■ **DATA BELOW**
————————
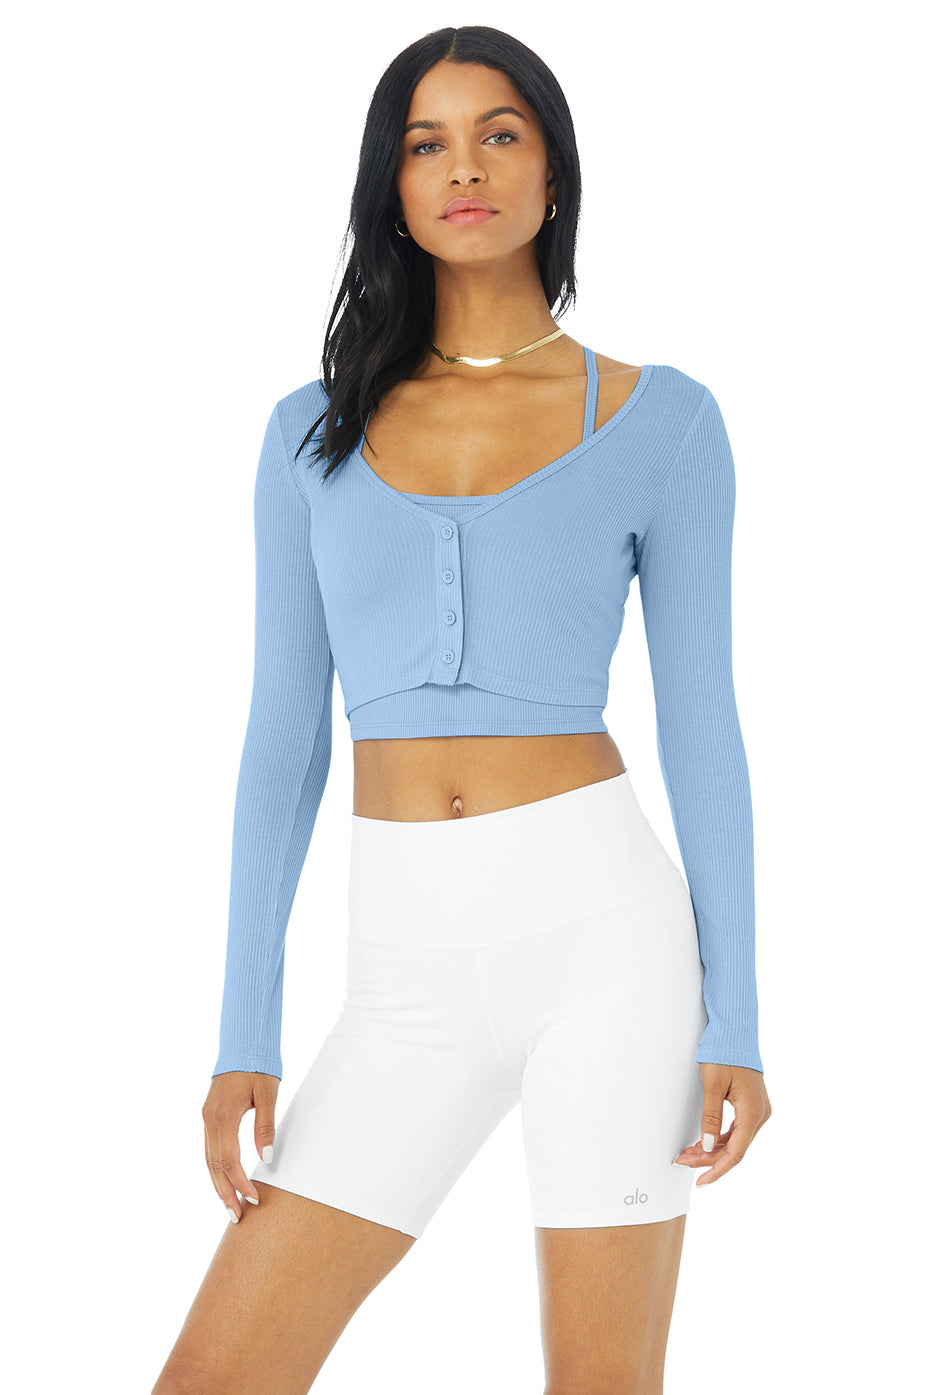 KendallJenner for @Alo 🎧 🍂 she wears the @AloYoga 'Breakaway Zip Up  Hoodie' ($108) + 'Splendor Bra' ($54) + 'High-Waist
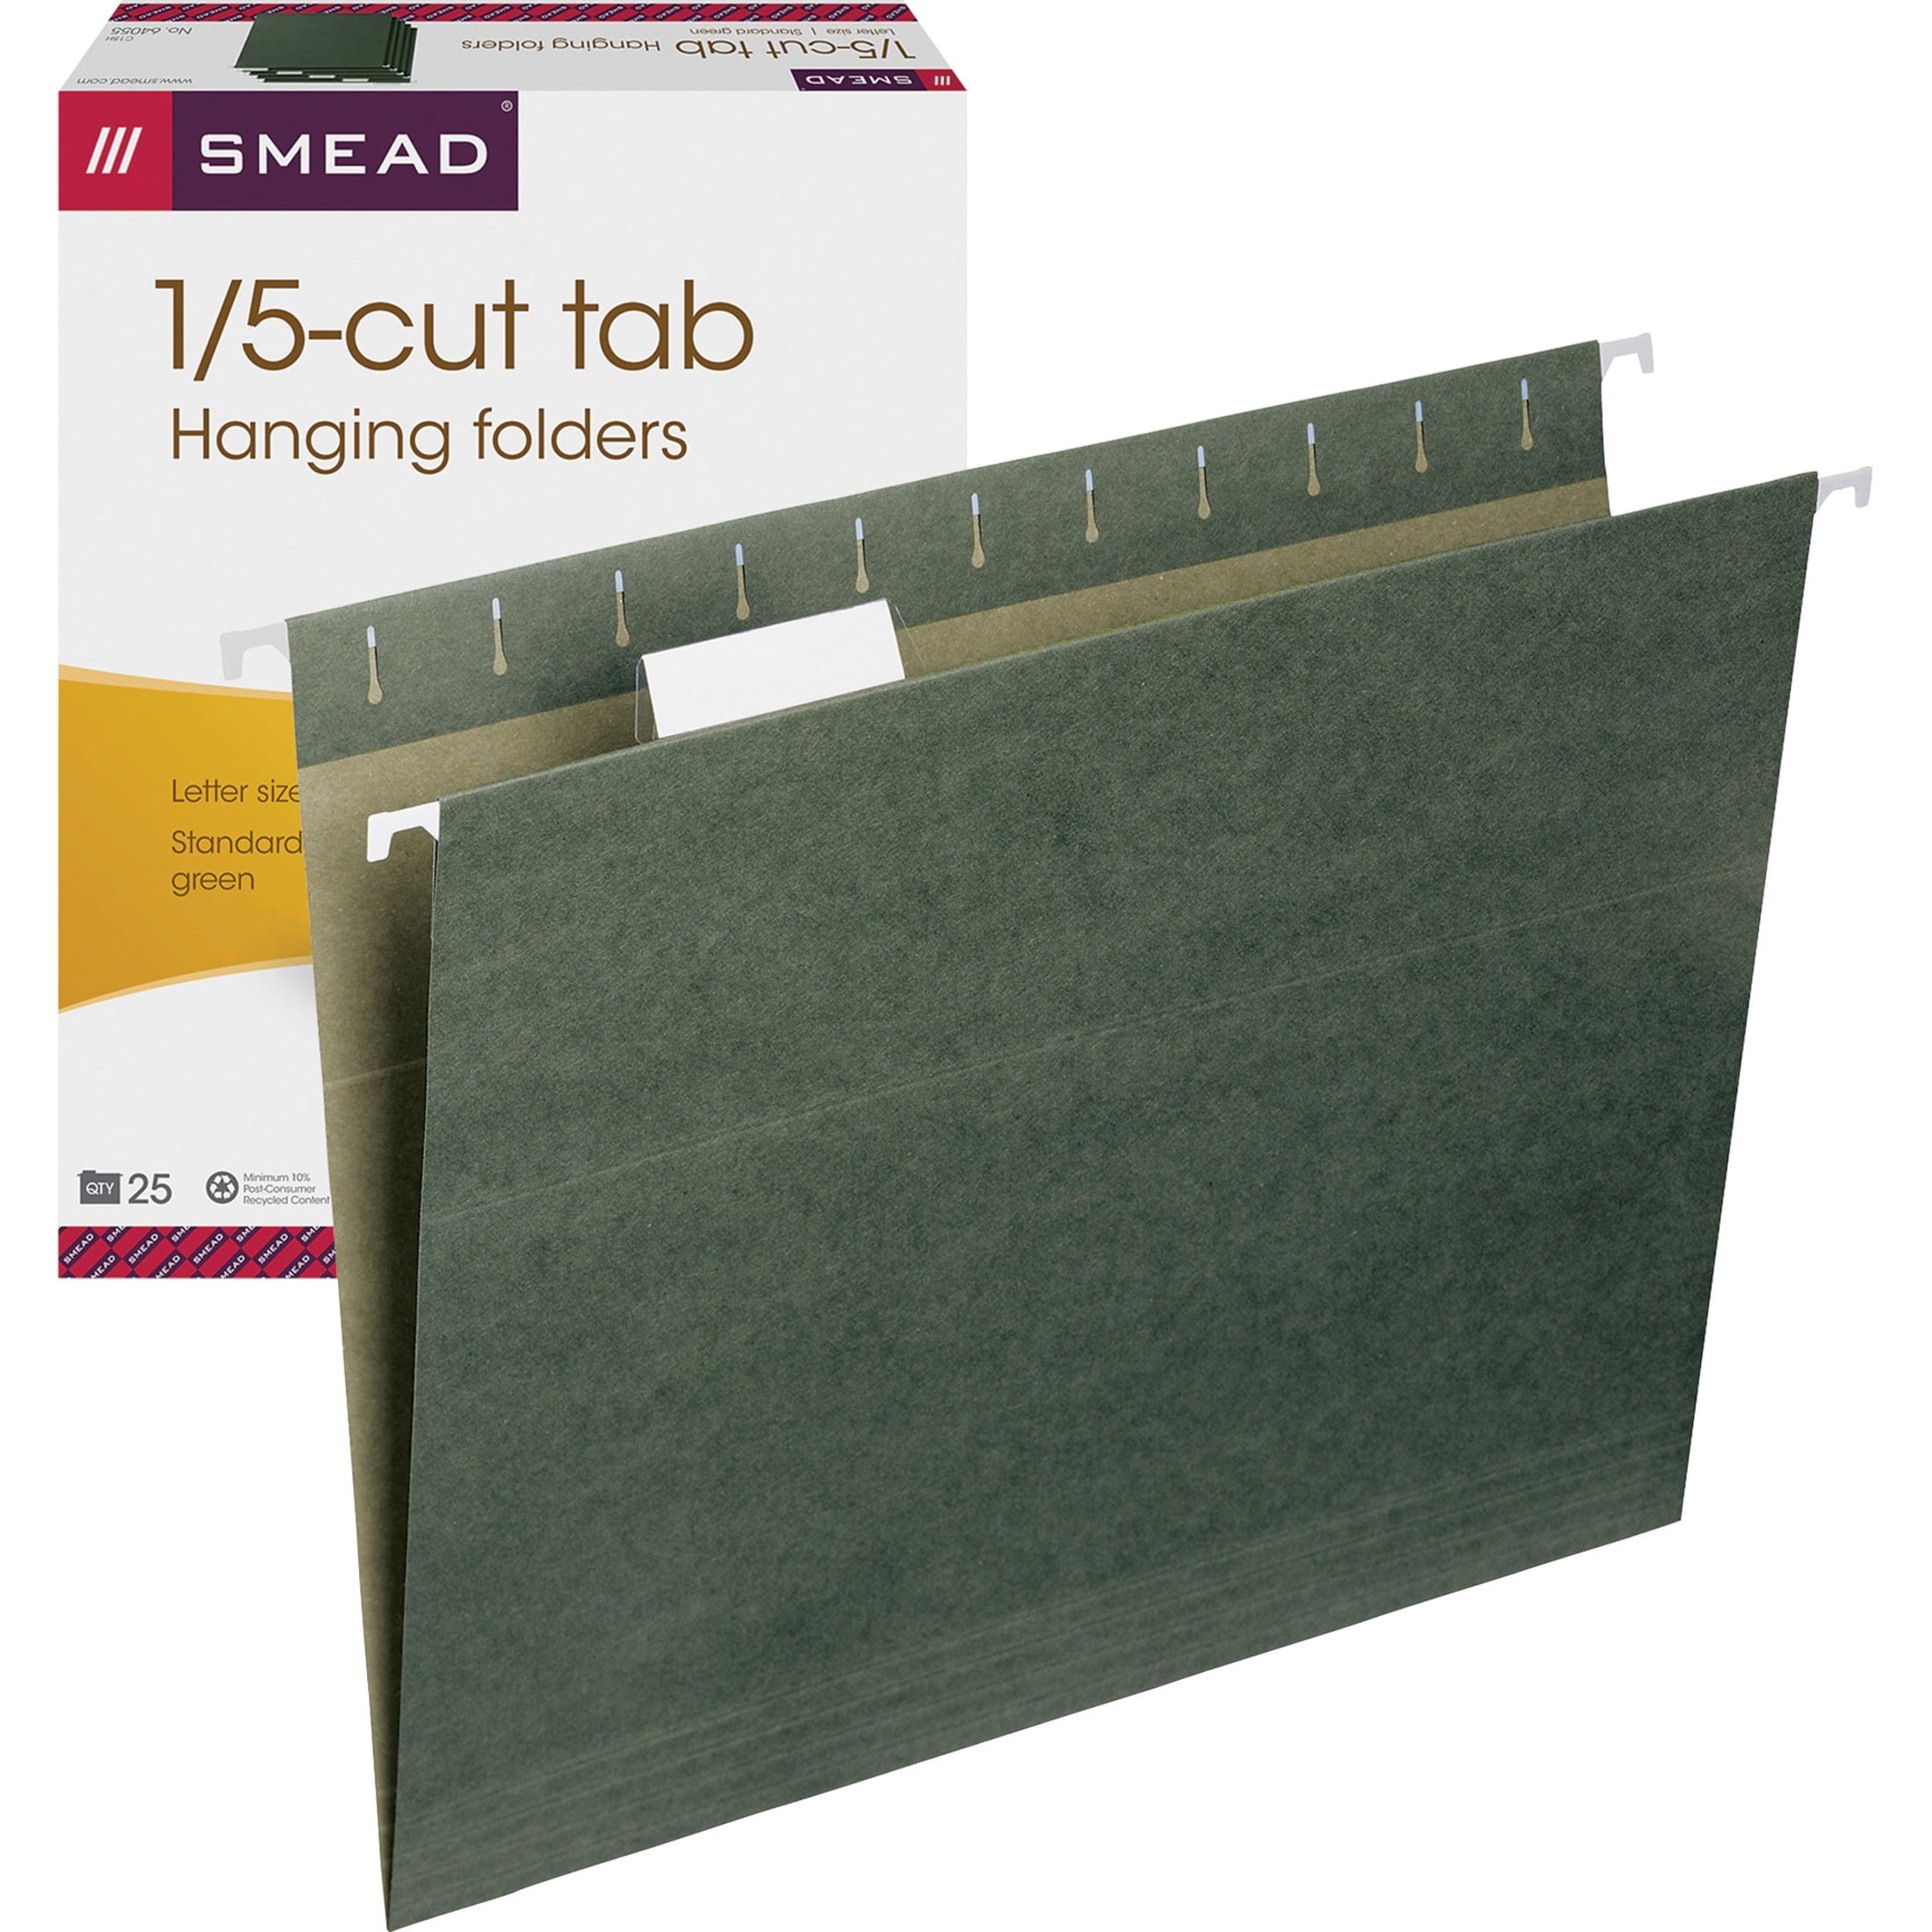 Hanging File Folders Letter Size Standard Green 1/5cut Adjustable Tab 25 Per Box 
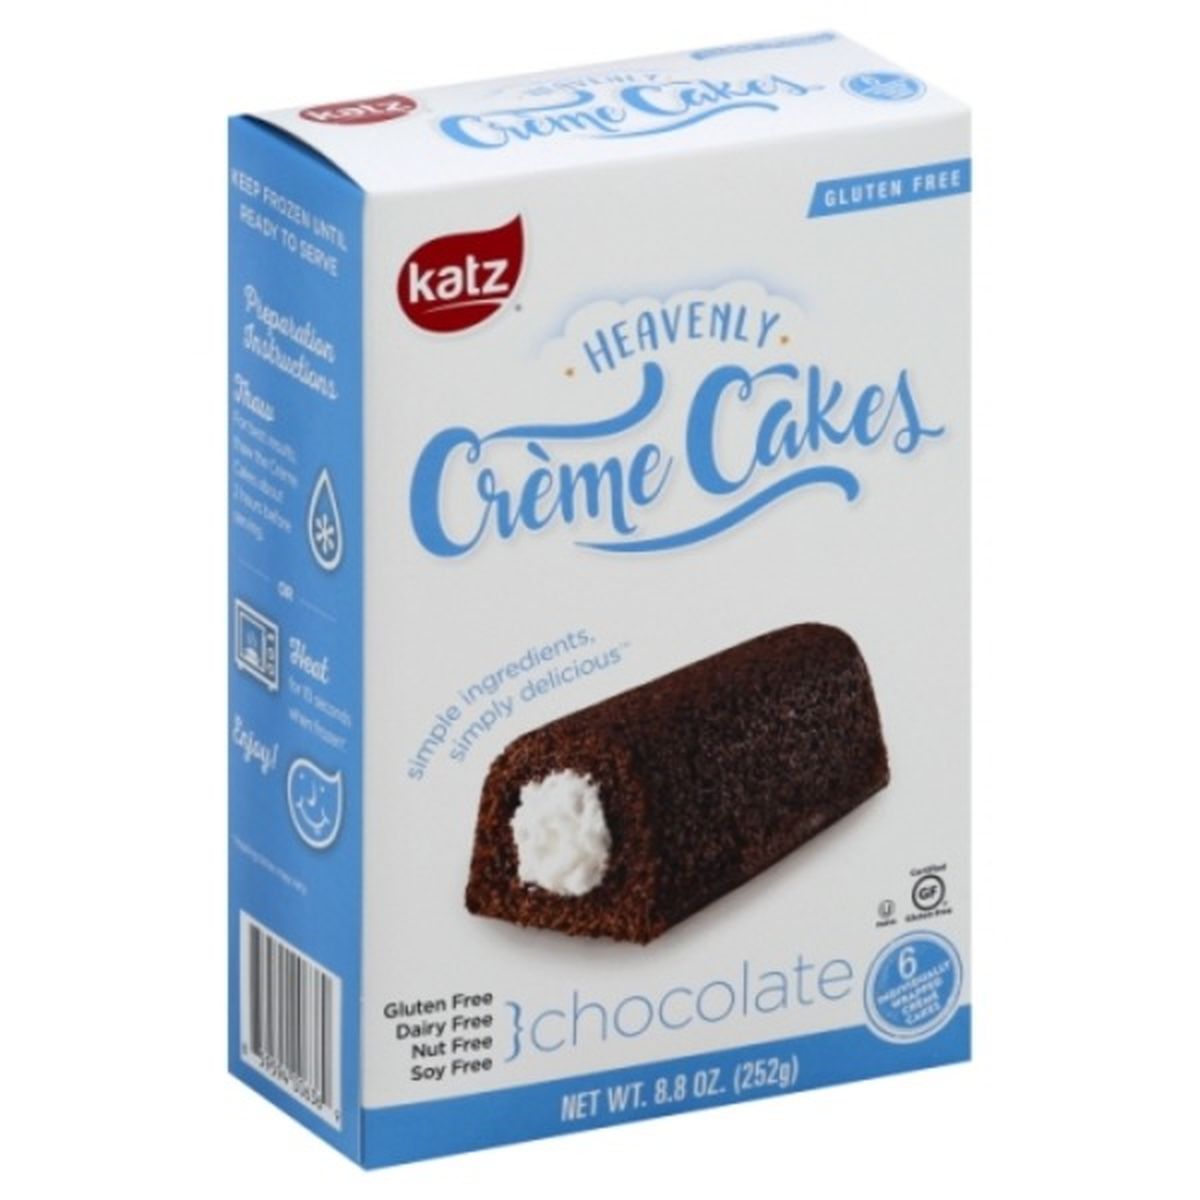 Calories in Katz Creme Cakes, Heavenly, Chocolate
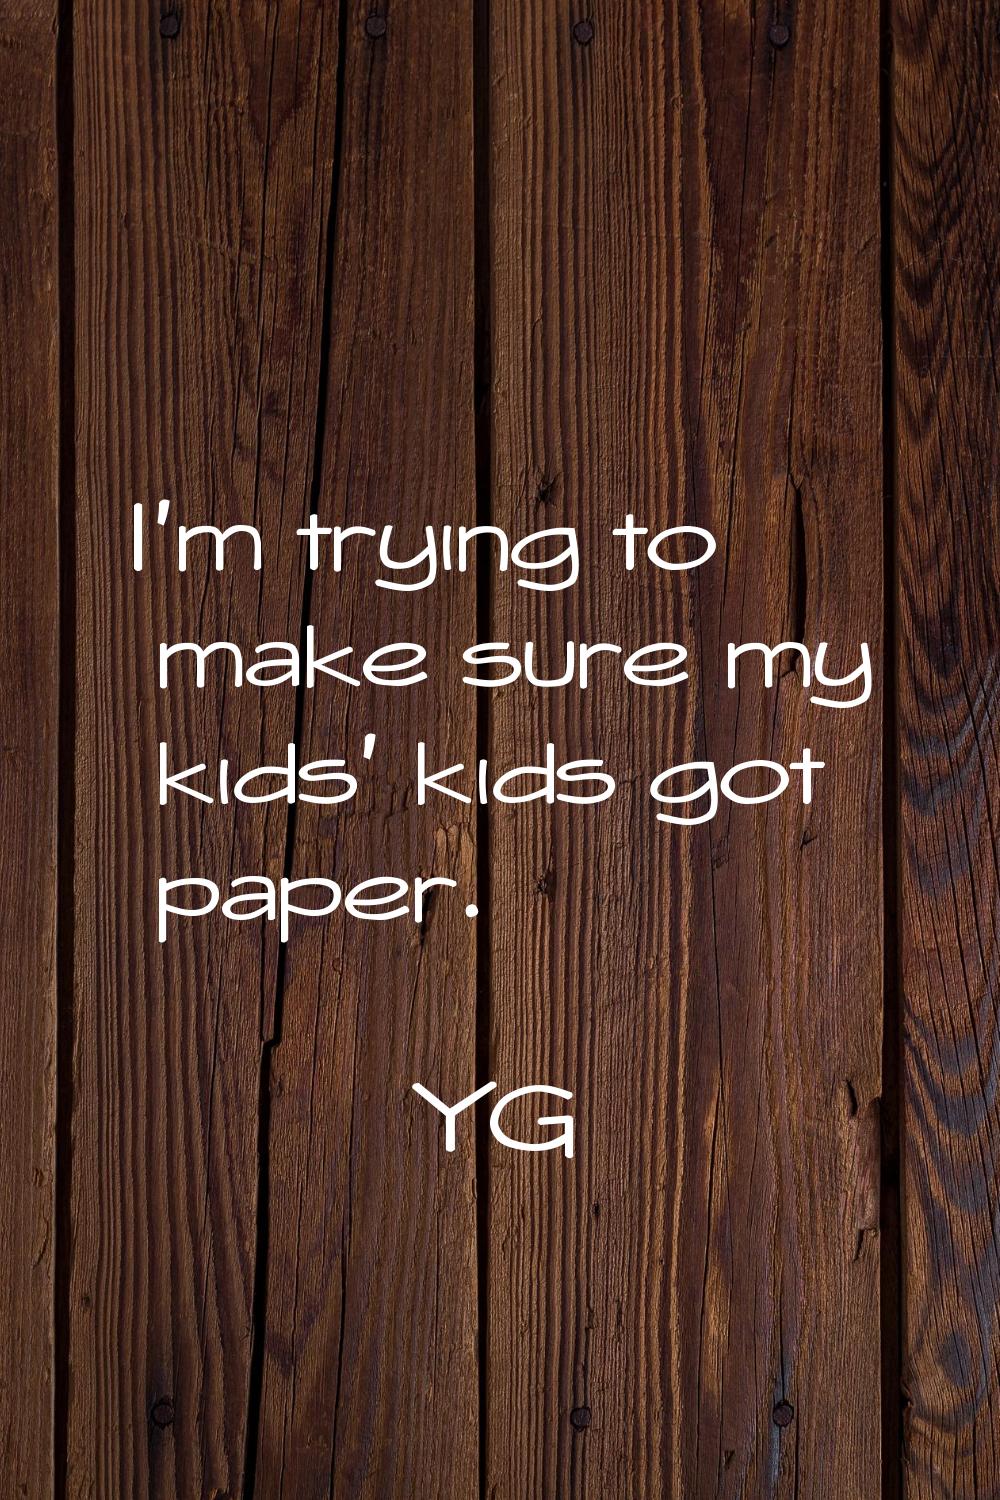 I'm trying to make sure my kids' kids got paper.
————————
■ **TASK BRIEF**
Give the complete material again, exactly as written. Do not include the pictures.

■ **COMPLETED TASK**
 KendallJenner for @Alo 🎧 🍂 she wears the @AloYoga 'Breakaway Zip Up  Hoodie' ($108) + 'Splendor Bra' ($54) + 'High-Waist
 Hanging File Folders Letter Size Standard Green 1/5cut Adjustable Tab 25 Per Box 
 Calories in Katz Creme Cakes, Heavenly, Chocolate
 I'm trying to make sure my kids' kids got paper.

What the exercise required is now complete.